Sorry for my remark, that wasn't meant to be offending... I just wanted to complete what has been stated before. As for me, reading "jeux anches" is as strange as if I was asking for "a cup coffee" - which actually should be the correct way to do in German - Eine Tasse Kaffee.

Languages are somewhat tricky... and French is far from being the easiest of them. :)
 

Pat17

New member
Yes that's a good point. I know that for Italians, piano can also mean "gently" which can be used in the similar contexts that we would, ie, to "speak gently" or to "put down that glass gently." Similarly, forte meaning "strong" as opposed to "loud."

Absolutely, they are all Italian adjectives that may be used in on a day to day basis.

When I've tried to get some translations of certain performance directions in some French scores, I've been told it was tricky because it was an "older dialect."

If you are referring to Baroque Music, this is correct. It was written in Intermediate French (basically the French language from the 16th to the 18th Century), which is quite understandable for a French speaker, but I can imagine difficult to get for someone using the language as a foreign one. If it can make you feel more comfortable, the old French (Middle Ages) is almost impossible for me to understand.

I had once the same issue in English, trying to read Shakespeare in its original version. Though he was writing on the 16th Century - if I am not mistaken - it was hard for me to catch up the meaning of his text... :cry:
 

dll927

New member
About that "tirasse" --in Spanish, "tirar" means "to pull" (as long as you're not in Mexico, where it's "jalar" a lot of the time).

The so-called Romance languages all derived from Latin, so that fact that there are relationships is no surprise. They are Spanish, Italian, French, Portuguese, and some Romanian. If "tirasse" means "pull down", well, on mechanical organs that's exactly what they do --pull down the manual notes to the pedals.
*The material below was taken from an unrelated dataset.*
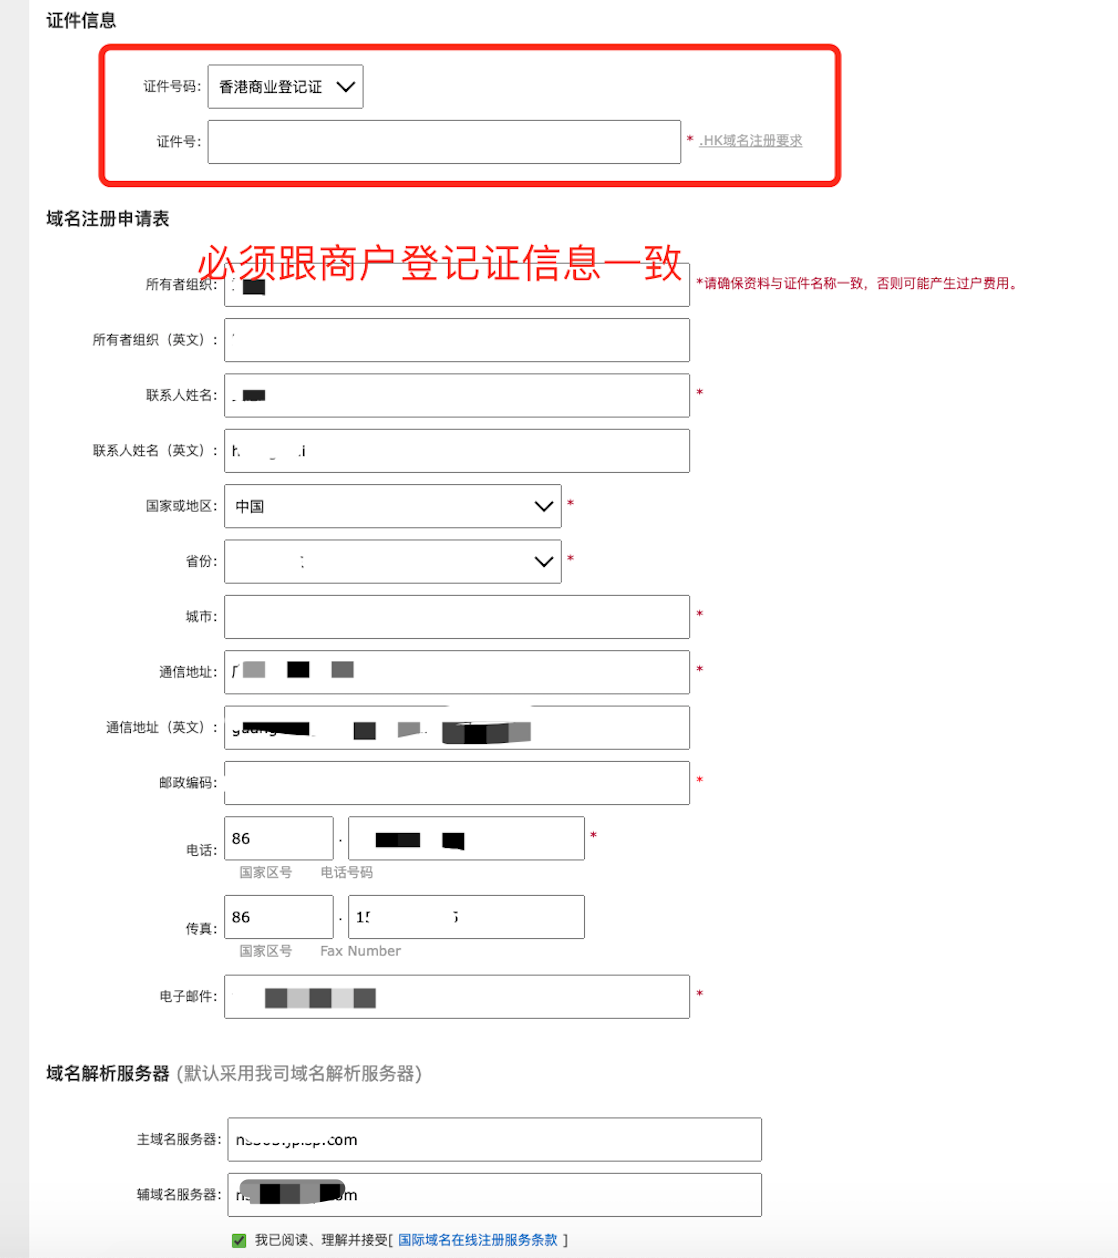 注册.com.hk域名方法

That's why the keys dutifully depress without being touched. The same could be said of the manual couplers on a mechanical.
 

Ghekorg7 (Ret)

Rear Admiral Appassionata (Ret)
About that "tirasse" --in Spanish, "tirar" means "to pull" (as long as you're not in Mexico, where it's "jalar" a lot of the time).

The so-called Romance languages all derived from Latin, so that fact that there are relationships is no surprise. They are Spanish, Italian, French, Portuguese, and some Romanian. If "tirasse" means "pull down", well, on mechanical organs that's exactly what they do --pull down the manual notes to the pedals. That's why the keys dutifully depress without being touched. The same could be said of the manual couplers on a mechanical.


Indeed dll. Try also the French "tirer" witch means to pull. Same thing.
You can translate tirasse as pulling.....
 

Pat17

New member
Please be careful, 'to pull' is translated 'tirer' into French.

'Tirasse' is something else - I'm sorry, I do not know the translation into English. Tirasse is referring to a coupler that allows to play a manual - great, choir, swell, etc... - from the pedalboard.
 

Pat17

New member
The so-called Romance languages all derived from Latin, so that fact that there are relationships is no surprise. They are Spanish, Italian, French, Portuguese, and some Romanian.

Actually, these languages are called "the Latin languages" in French ("les langues latines"), or sometimes the Greek-Latin languages, due to the importance of Greek roots that passed to the modern Meditarrenean langugages through Latin.